The Forbidden Code: Polyglots - Speaking in Tongues to Computers

Welcome to the underground. Here, we explore techniques that push the boundaries of what computers and code are supposed to do. Forget the clean, predictable world of single-language projects and standard file formats. We're diving into the fascinating, sometimes illicit, world of polyglots – single files designed to be valid and functional in multiple languages or formats simultaneously.

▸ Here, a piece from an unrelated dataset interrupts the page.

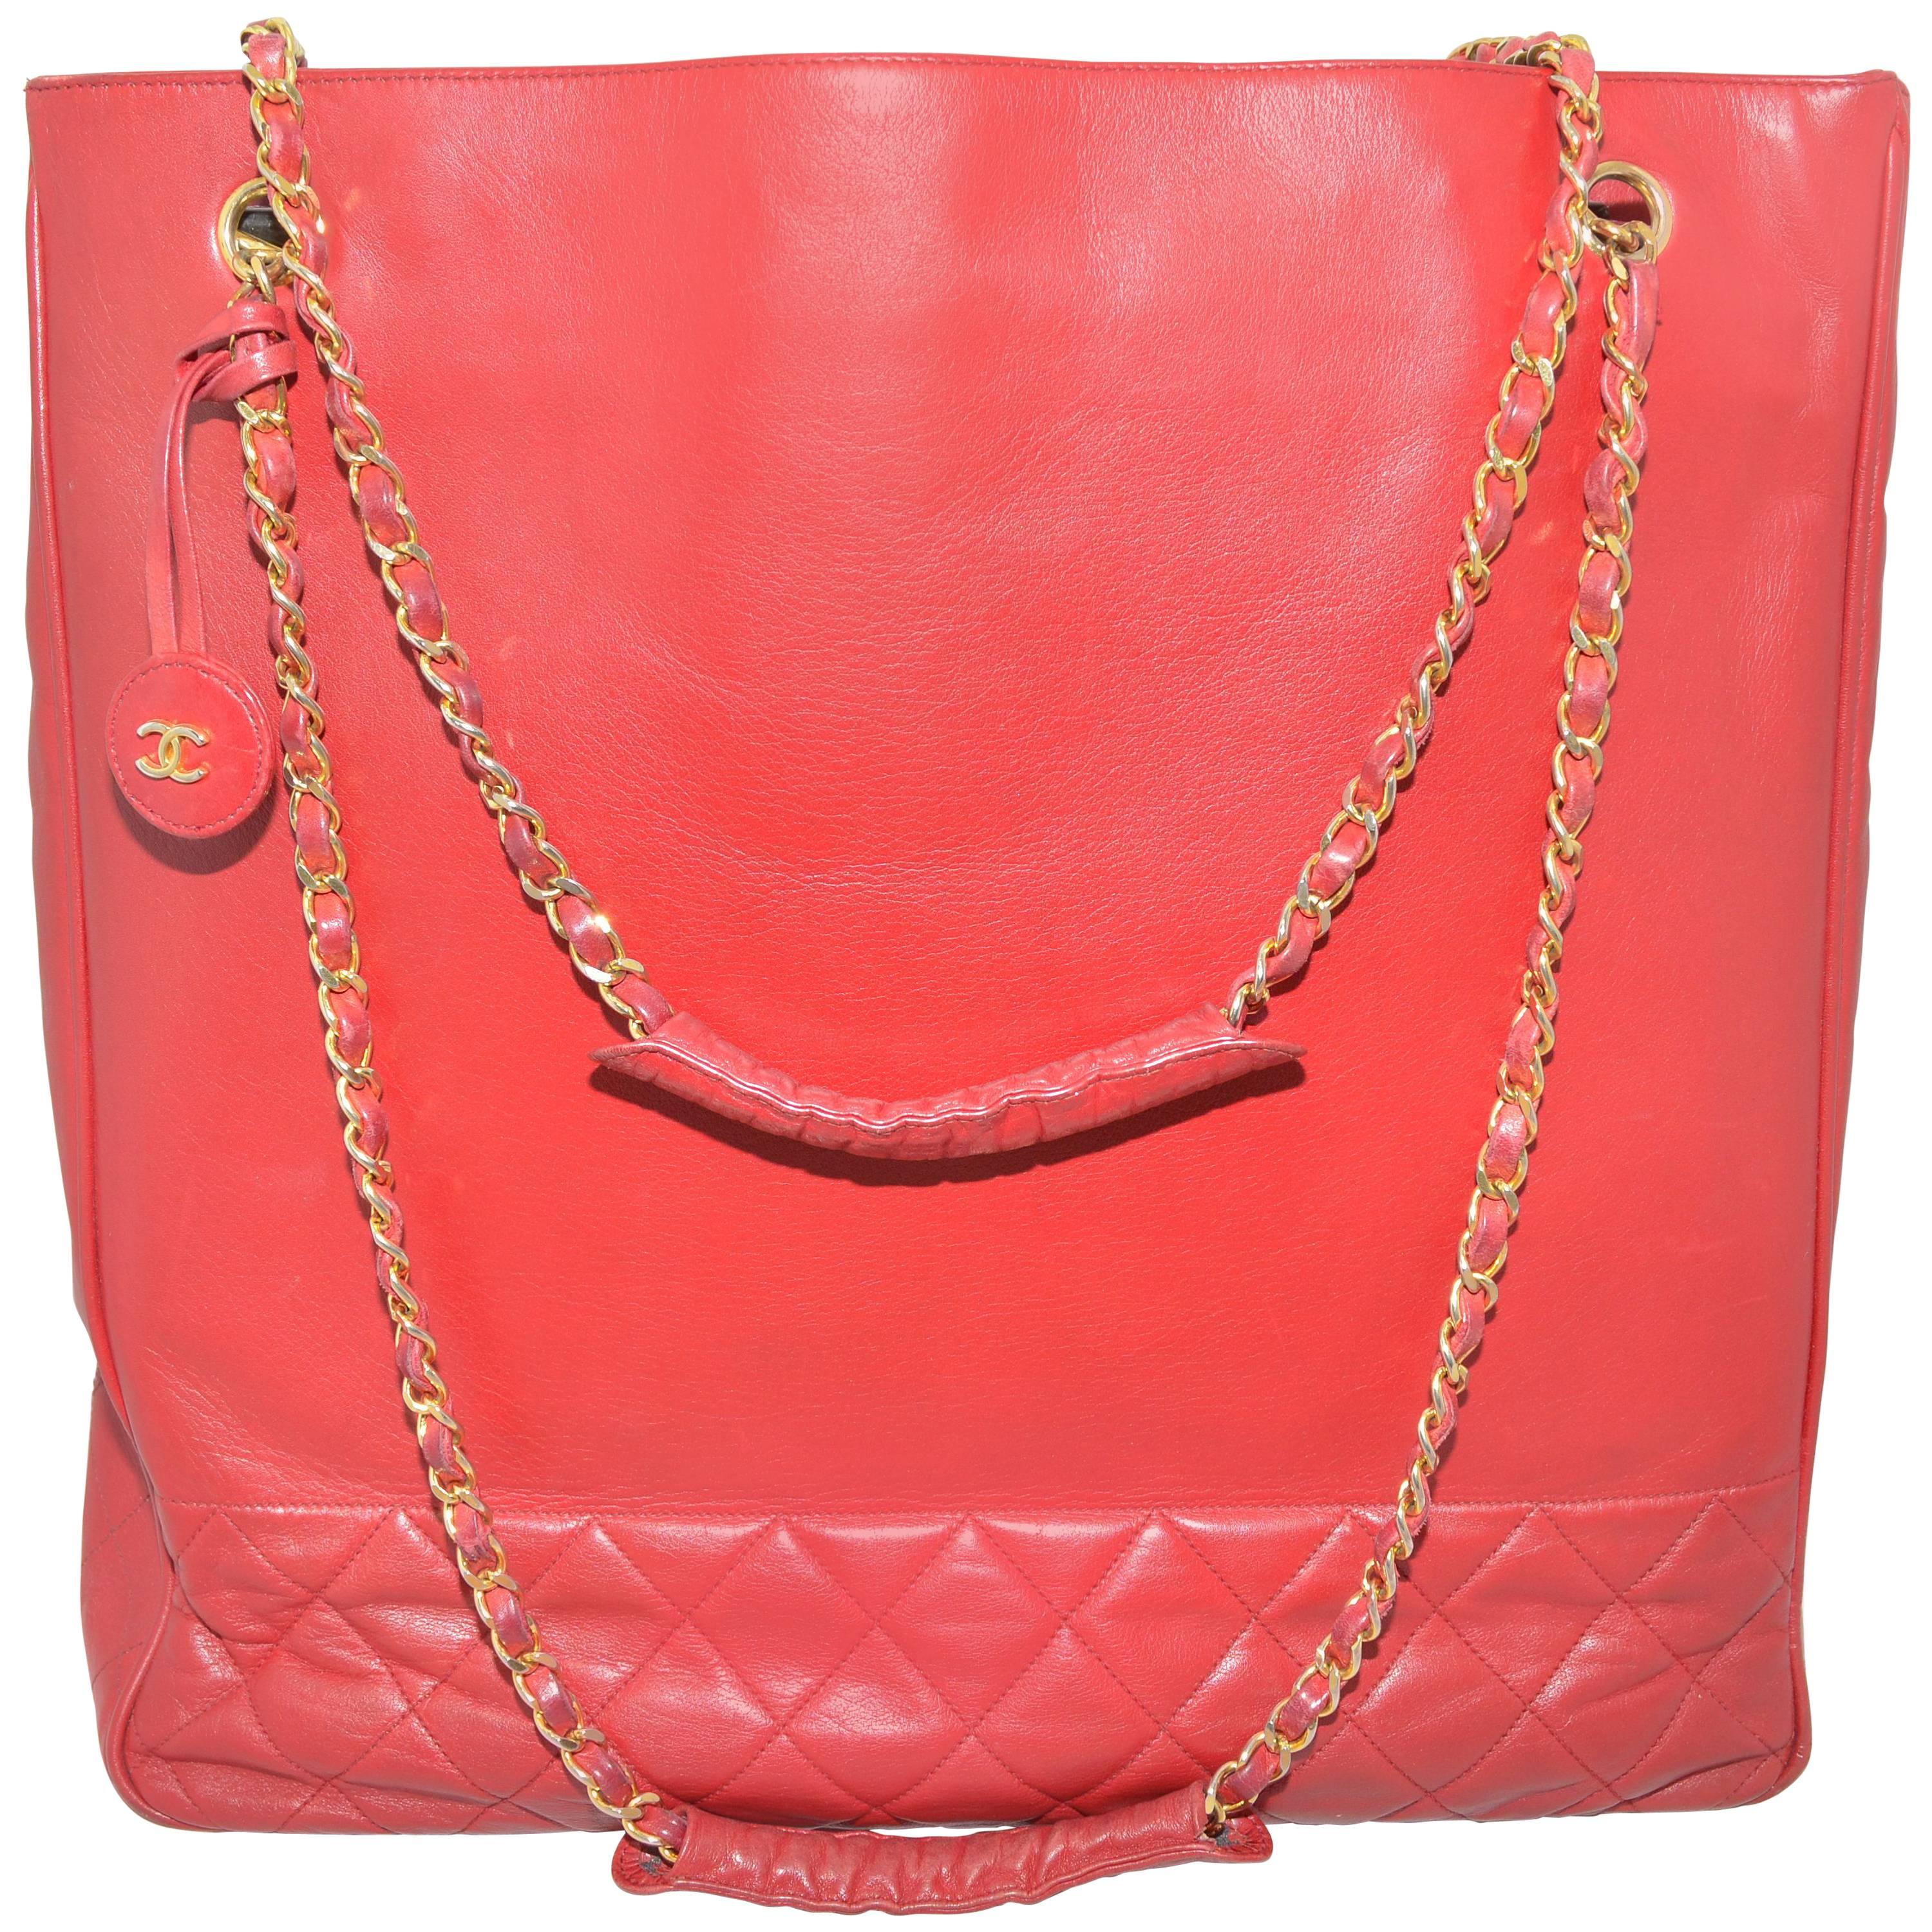 Chanel Red Leather VL Vintage Tote

This isn't just about clever tricks; it's about understanding how interpreters and parsers work at a fundamental level – examining the stream of bytes and finding ways to whisper different instructions to different listeners from the same script. This technique can be used for surprising compatibility, but it's often found lurking in the shadows, used for obfuscation, challenging security systems, or hiding malicious payloads in plain sight.

What is a Polyglot?

Let's start with a clear definition, just like they might give you in school, before we twist it for our purposes:

In computing, a polyglot is a computer program, script, or other file written in a valid form of multiple programming languages or file formats. The name is analogous to multilingualism, referring to the ability to speak many languages. A polyglot file is composed by combining syntax from two or more different formats or languages.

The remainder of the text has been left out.